**About this task**
Write out again only the lines between the one with "New VMI superintendent" and the end of the records below, both ends counted, and don't include the pictures.

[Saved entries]
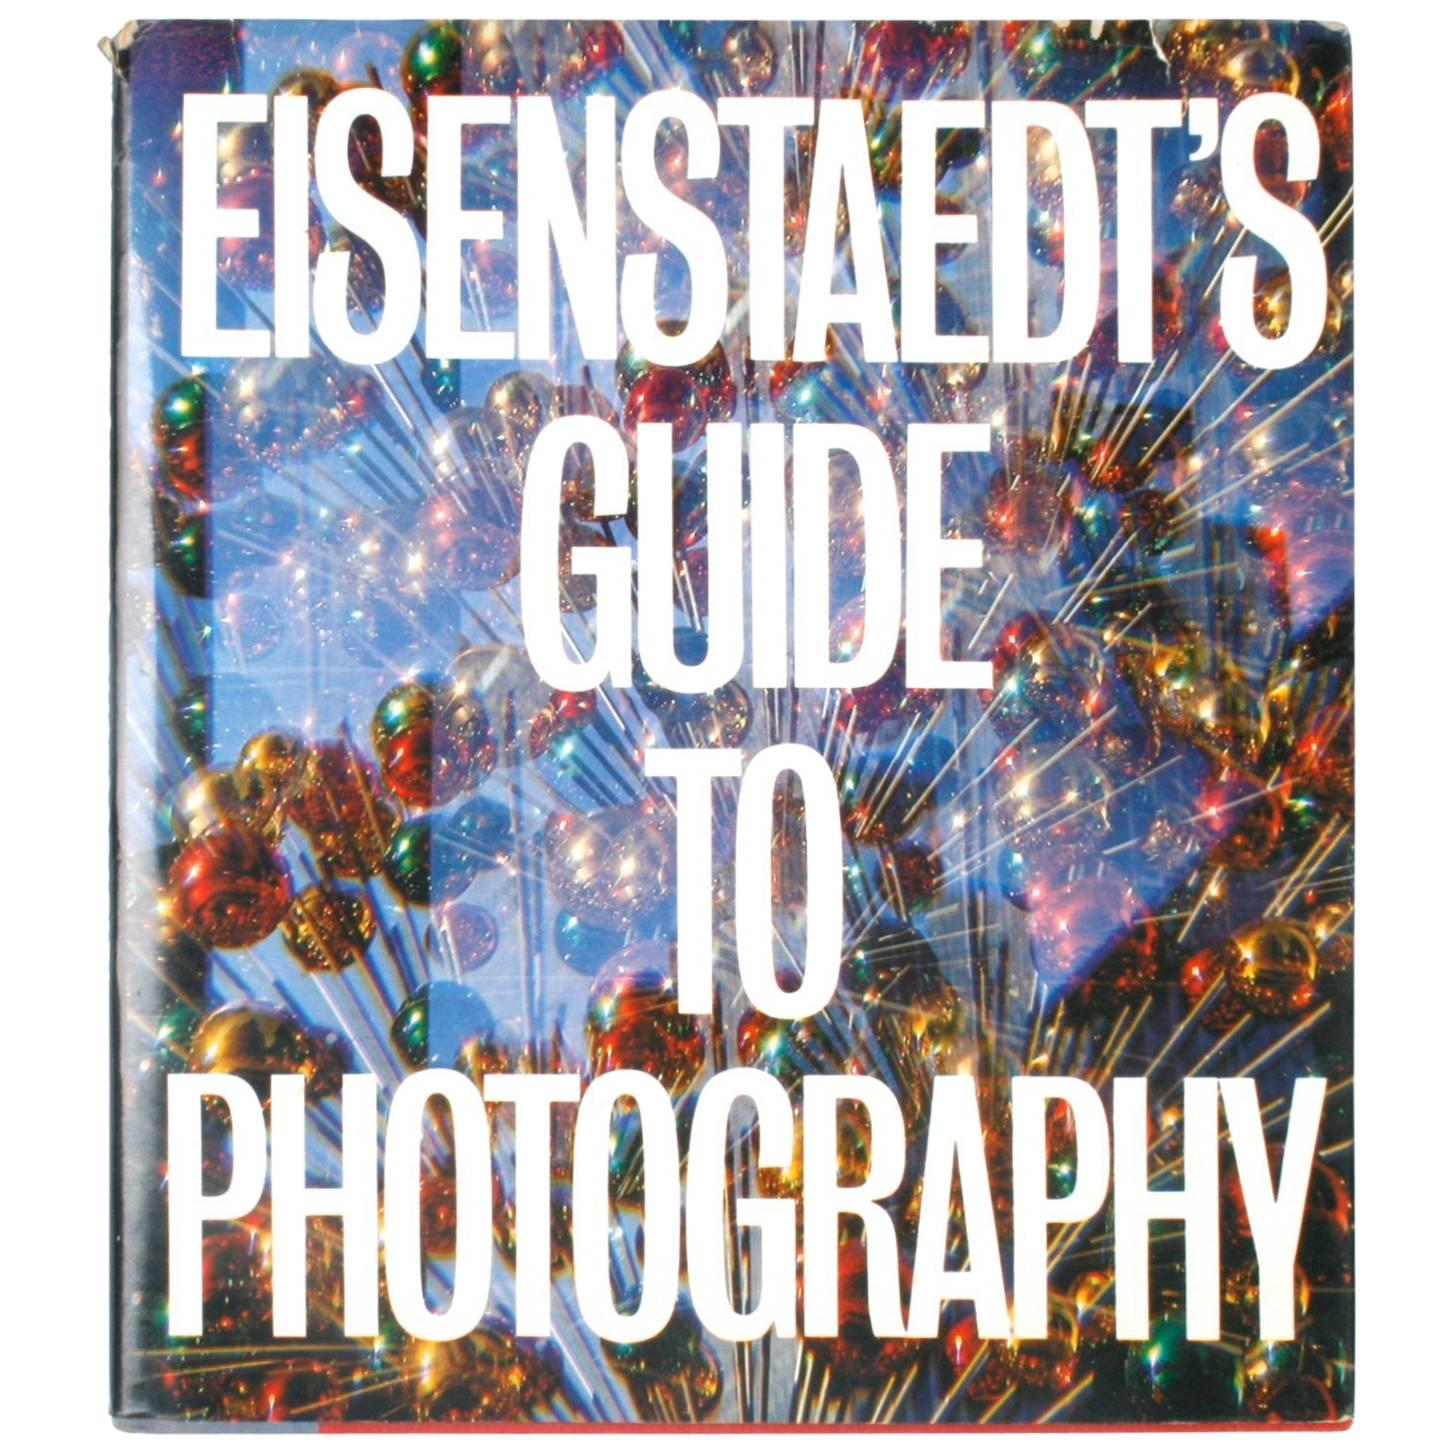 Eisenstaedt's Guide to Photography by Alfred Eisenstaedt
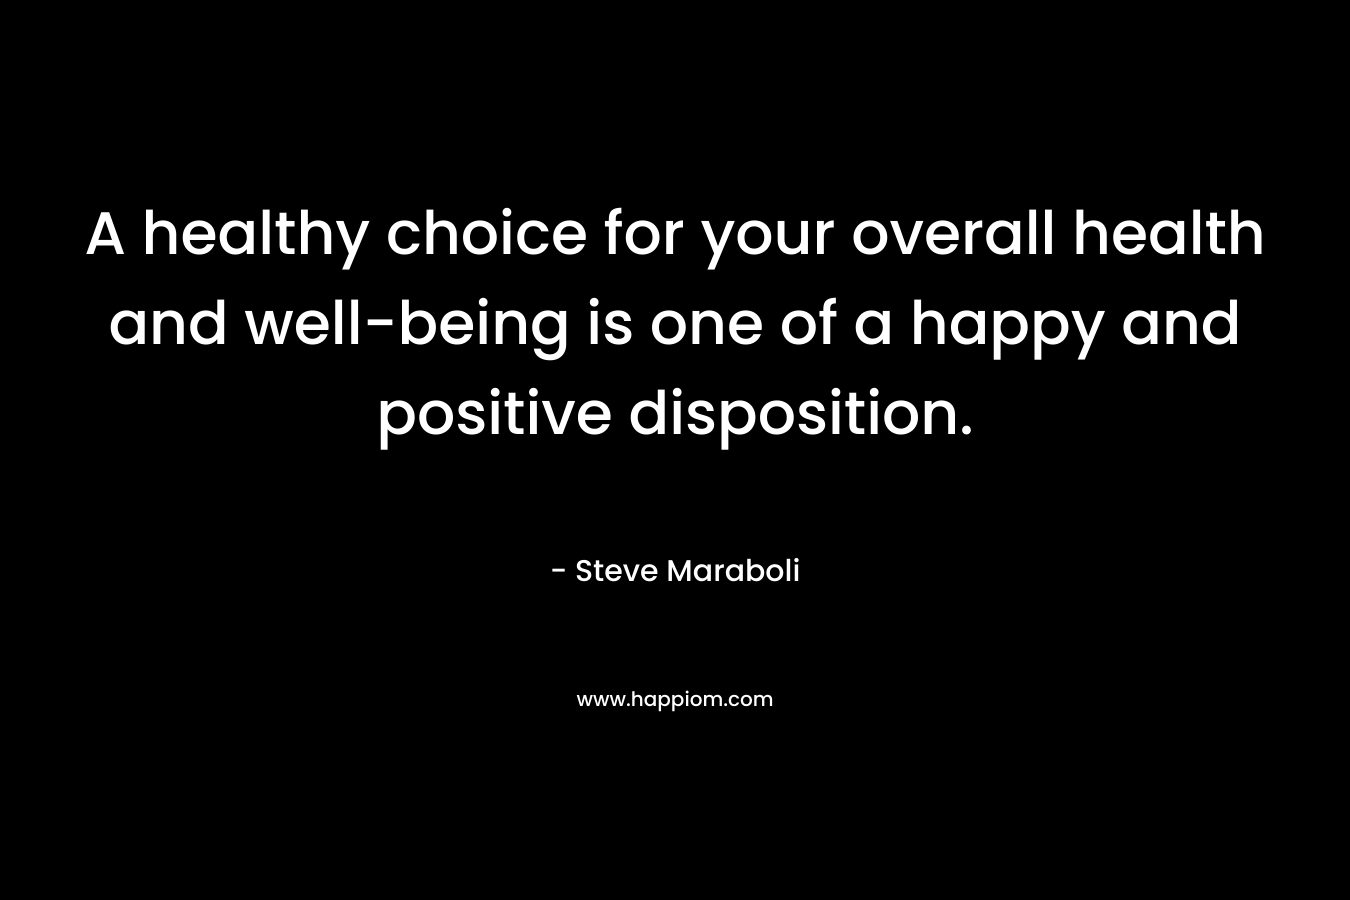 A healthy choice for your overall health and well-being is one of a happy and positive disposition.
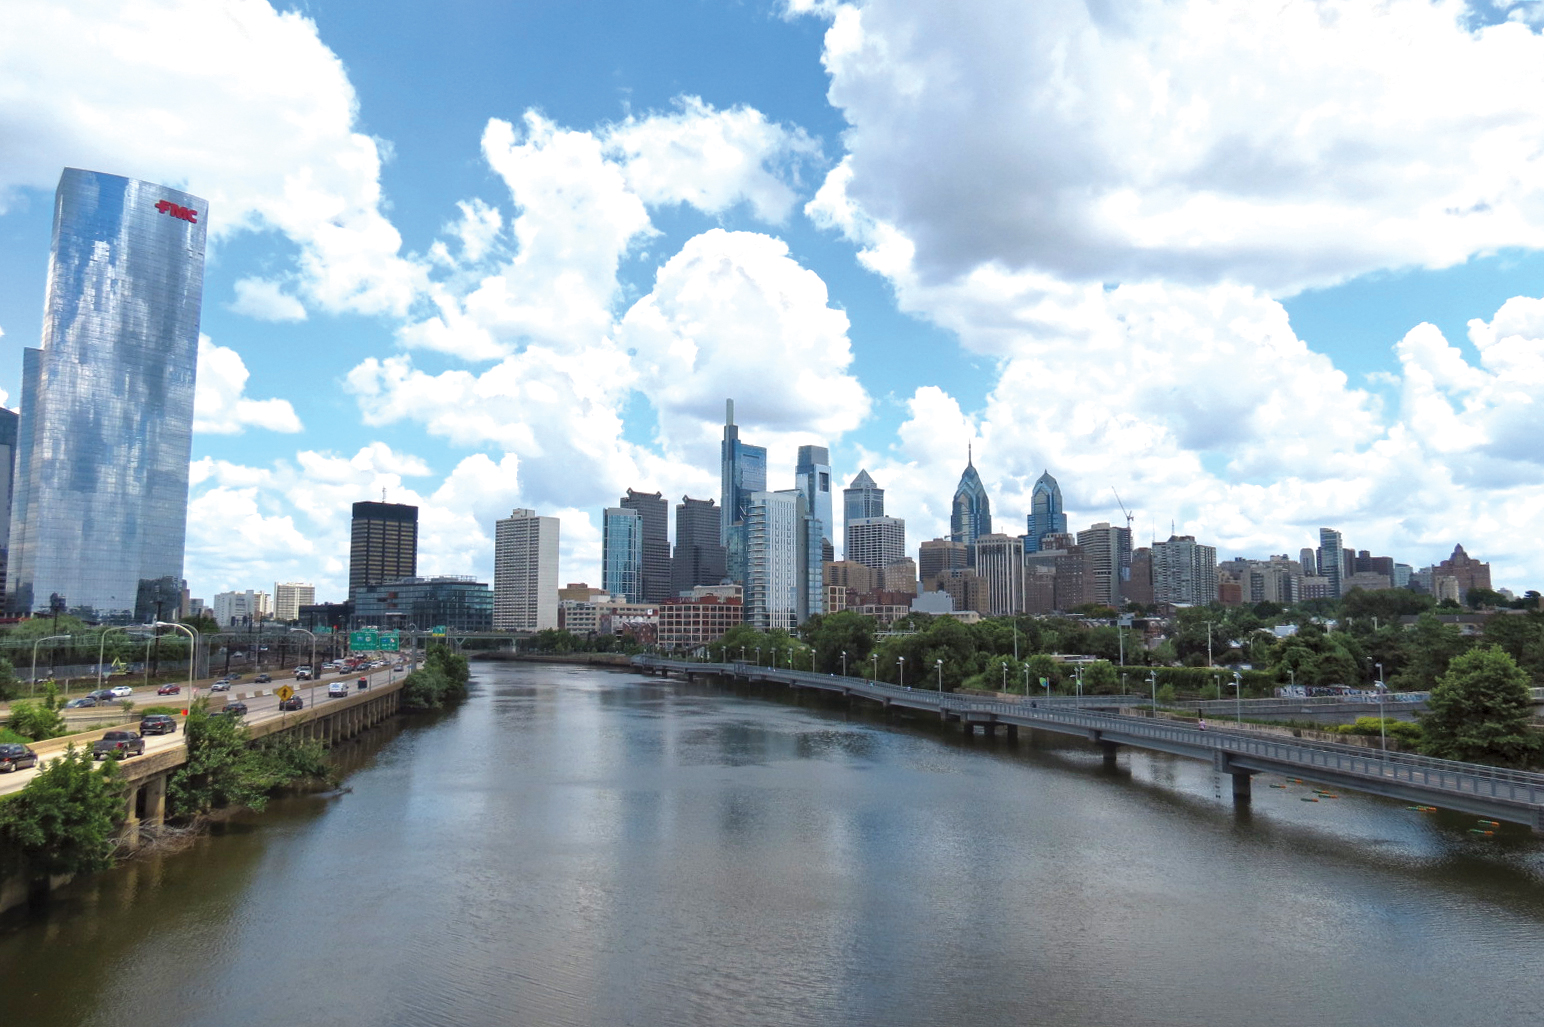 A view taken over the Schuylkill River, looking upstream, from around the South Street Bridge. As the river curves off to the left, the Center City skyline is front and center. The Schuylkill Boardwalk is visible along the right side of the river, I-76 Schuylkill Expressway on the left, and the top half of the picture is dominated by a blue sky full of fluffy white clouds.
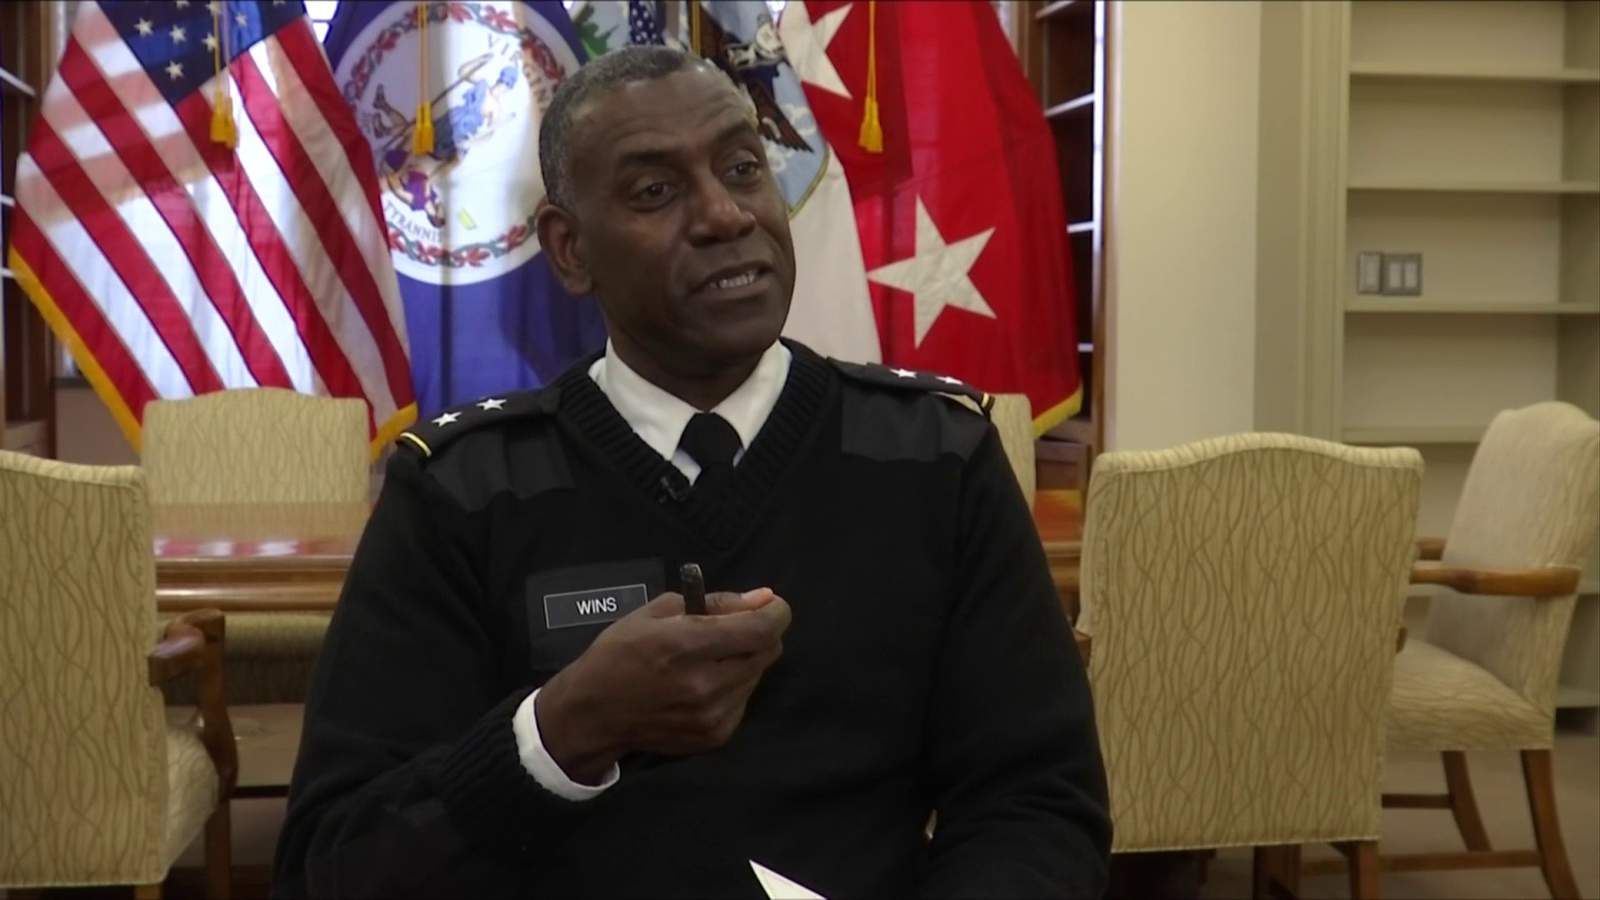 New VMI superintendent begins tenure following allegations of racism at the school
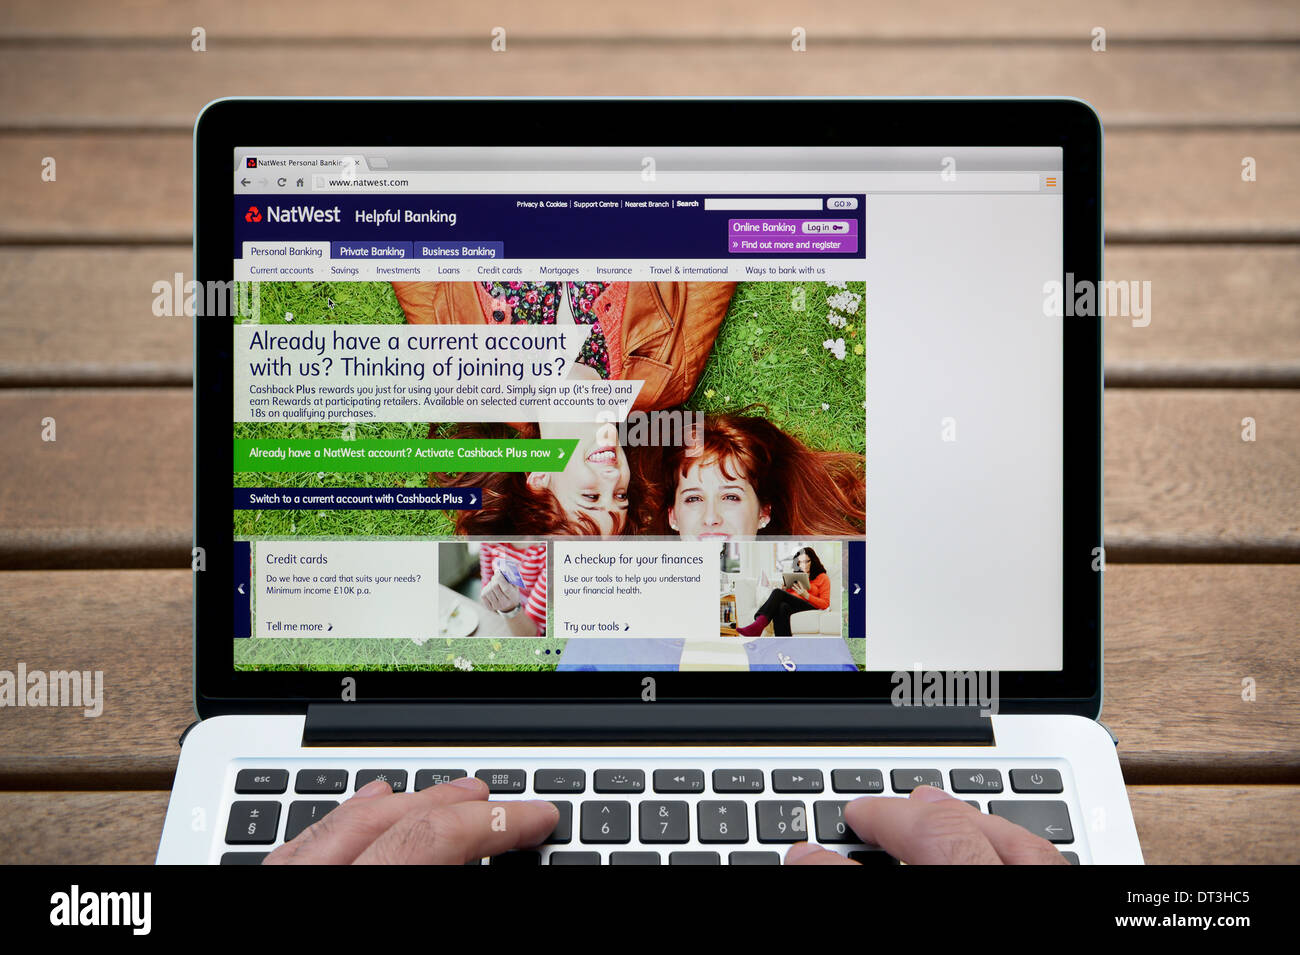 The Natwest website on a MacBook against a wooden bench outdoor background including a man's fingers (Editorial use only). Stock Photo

**Answer area**
 New VMI superintendent begins tenure following allegations of racism at the school
 The Natwest website on a MacBook against a wooden bench outdoor background including a man's fingers (Editorial use only). Stock Photo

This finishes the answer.